GNOME Bugzilla – Bug 582678
Evolution could do a better job when displaying characters that are in windows-1252 but not iso-8859-1
Last modified: 2021-05-19 11:09:37 UTC
Please describe the problem: Ubuntu 9.04. evolution 2.26.1-0ubuntu1 I'm using the Exchange connector but I doubt that this affects Evolution's behaviour. I received a multi-part HTML email from another user of the same Exchange server. Despite the HTML part starting with Content-Type: text/html; charset="iso-8859-1" Content-Transfer-Encoding: quoted-printable it contained the quoted character "=92" which is the windows-1252 code for a curly quote. This appeared in Exchange as a "character not available in font" box containing "0092". The same problem occurred with a hand-crafted plain text email.
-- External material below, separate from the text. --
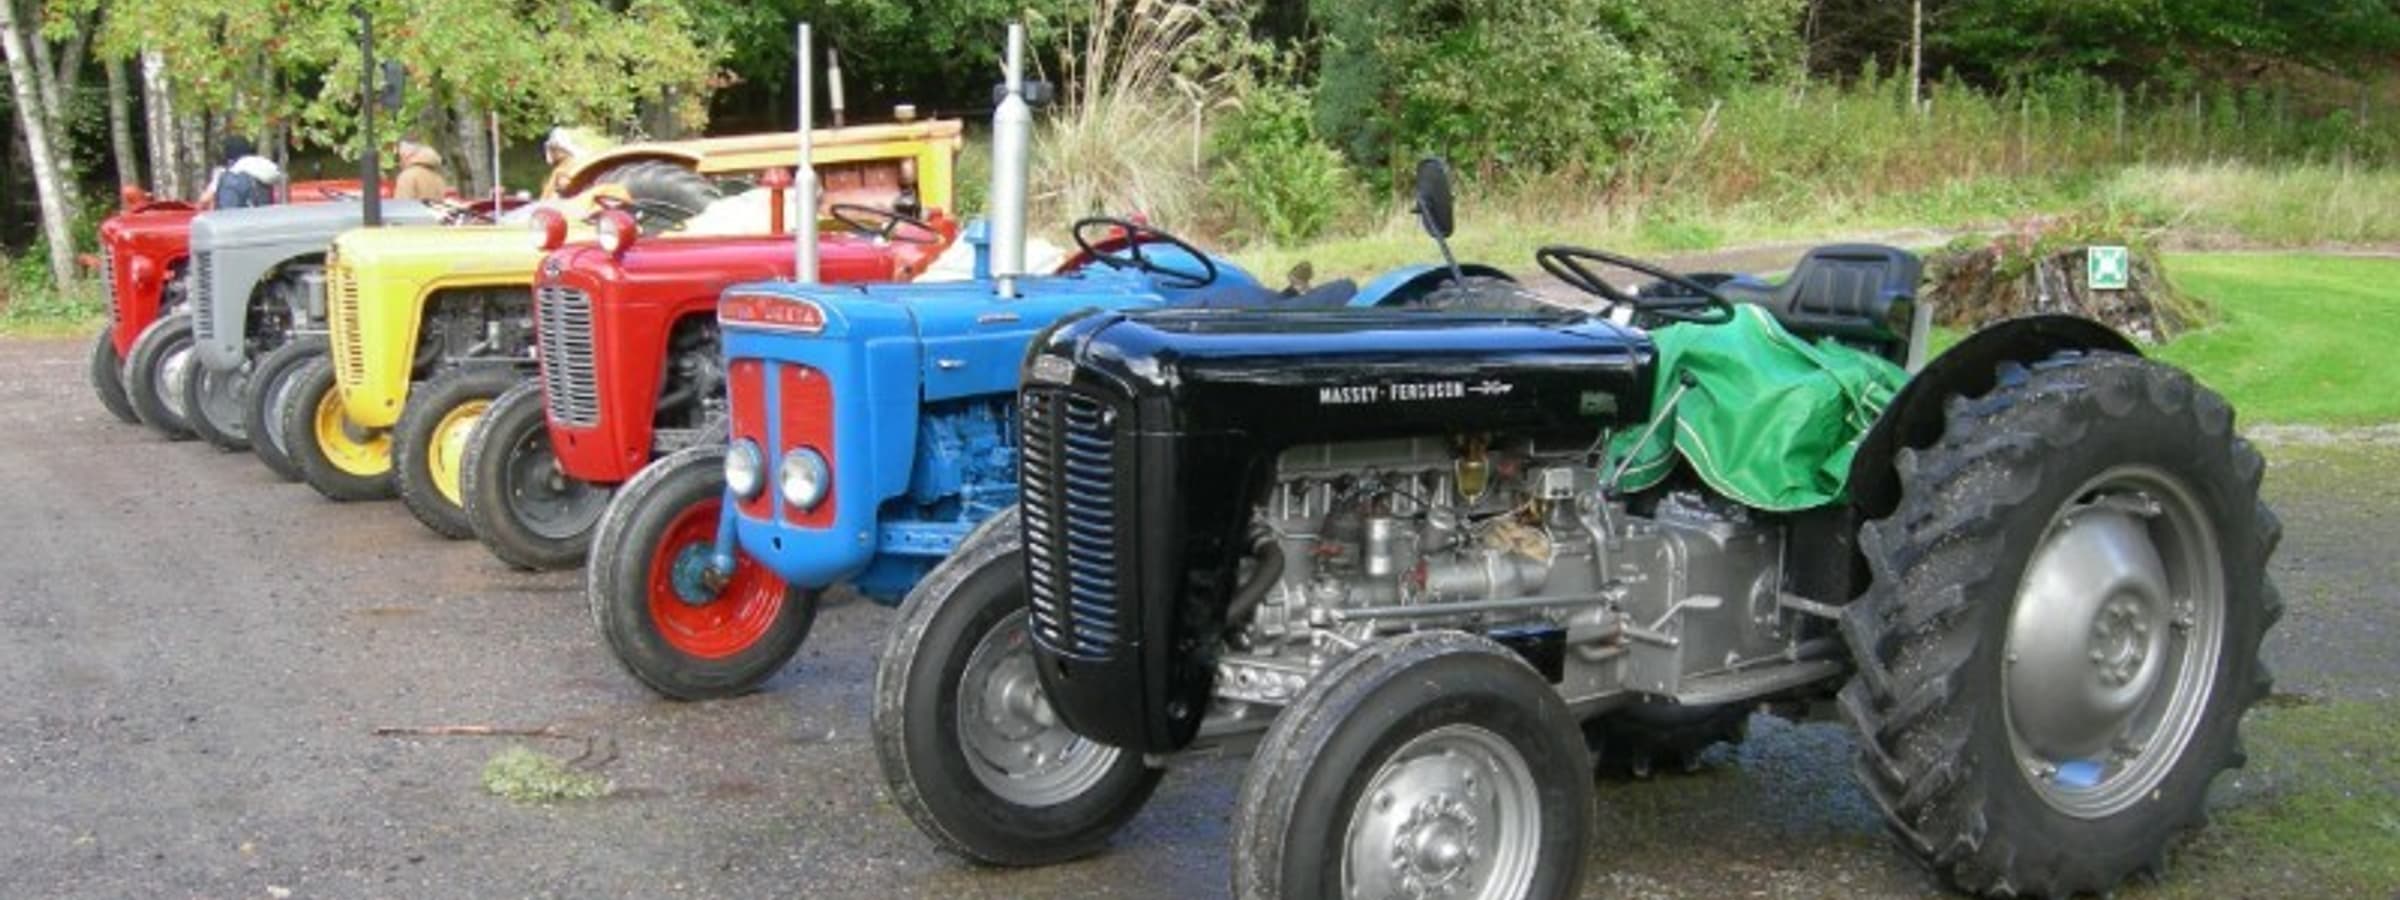 A row of tractors.

Of course this is clearly Exchange or Outlook's fault for claiming iso-8859-1 but then using windows-1252 characters. But having said that, it would seem to be quite easy for Evolution to work around this and show the expected glyph. The characters in that range are considered to be control characters in iso-8859-1 and could therefore be automatically mapped to their corresponding Unicode code points based on the windows-1252 encoding. See http://en.wikipedia.org/wiki/Windows-1252#Codepage_layout . Steps to reproduce: Here's how I reproduced without involving Exchange or Outlook: 1. Enter the following as an appropriate SMTP session (changing addresses as appropriate): mail from: Me <me@here> rcpt to: Me <me@there> data From: Me <me@here> To: Me <me@there> Subject: 1252 test Content-Type: text/plain; charset="iso-8859-1" Content-Transfer-Encoding: quoted-printable There=92s a strange character here. . 2. View the email in Evolution. Actual results: The character represented by =92 appears as a box containing 0092. Expected results: The character represented by =92 appears as the curly quote character at Unicode code point 2019. Does this happen every time? Yes. Other information: All characters in the range 0x80 to 0x9f behave the same and would benefit from the same workaround. This bug was originally entered at https://bugs.launchpad.net/ubuntu/+source/gtkhtml3.14/+bug/373325
0) Confirming. As suggested in comment #0, the Exchange Connector angle is irrelevant. 1) The wikipedia page contains a link to (a version of) the HTML 5 Draft Recommendation, with this interesting phrase: "When a user agent would otherwise use an encoding given in the first column of the following table to either convert content to Unicode characters or convert Unicode characters to bytes, it must instead use the encoding given in the cell in the second column of the same row. When a byte or sequence of bytes is treated differently due to this encoding aliasing, it is said to have been misinterpreted for compatibility. Character encoding overrides Input encoding Replacement encoding References [...] ISO-8859-1 windows-1252 [RFC1345] [WIN1252] [...] Note: The requirement to treat certain encodings as other encodings according to the table above is a willful violation of the W3C Character Model specification, motivated by a desire for compatibility with legacy content." 2) Haven't looked at any code yet. Can't say whether evolution can be said to "convert" as described in that phrase. 3) Anyway, one question that comes up is whether evolution should treat iso-8859-1 as windows-1252: - for all characters; or - for characters in the range 0x80 to 0x9f only.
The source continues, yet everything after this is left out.